Tips for Hiring an Appraiser for a Title Transfer Situation:

  • Make sure the appraiser knows the real estate market where the property is located. This is key toward producing a reliable appraisal. It’s okay to ask the appraiser questions about his/her experience.
  • Help the appraiser understand why the appraisal is needed. Did you inherit property? Are your elderly parents moving and title is transferring to you? Was there a death in the family? Is there a divorce or break-up in progress? The appraiser is bound to confidentiality and cannot by law share your situation with others.
  • Inform the appraiser what type of value is needed. An experienced appraiser will be able to easily figure this out with you in just a couple of minutes of conversation. Is this a market value as of today’s date or do you need an appraisal based upon a previous date? For example, in estate settlement appraisals, it is common for the appraisal to be based upon the date which title was transferred in the past or the date of death of the loved one. This is called a “retrospective value”.
  • If you are a home owner working with an attorney and it would be easiest on you for the appraiser to work directly with the attorney, that’s definitely doable. I see it work out either way and I defer to whatever the client needs and prefers.
  • Remember that the lowest-priced fees for appraisals usually produce the lowest-quality of work (my fees are very reasonable). The last thing you want is for an unreliable appraisal to get in the way of what you are trying to accomplish with a transfer of title.

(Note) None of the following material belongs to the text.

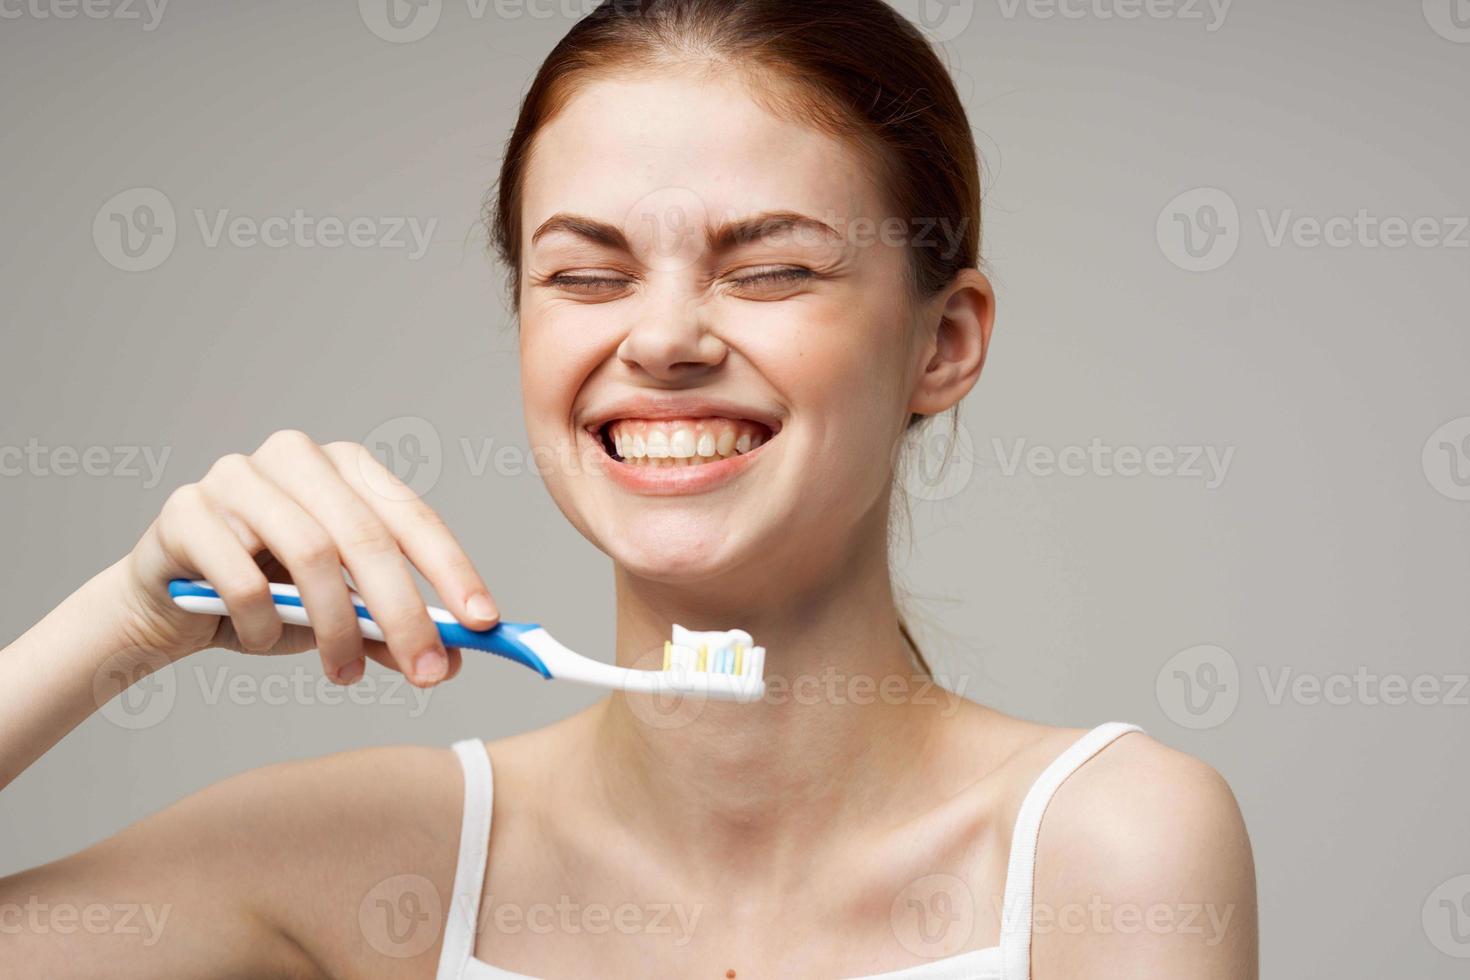 vrolijk vrouw tandenborstel hygiëne tandpasta foto

If you have any questions about the information above or would like to talk more, feel free to call me at 916-595-3735, see my company website at www.lundquistcompany.com or email me at ryan [at] lundquistcompany [dot] com.  I am available to help you in your time of need and I am glad to speak with you about your situation.

http://www.lundquistcompany.com/blog  Hiring an Appraiser When Title Transfers (Sacramento Region)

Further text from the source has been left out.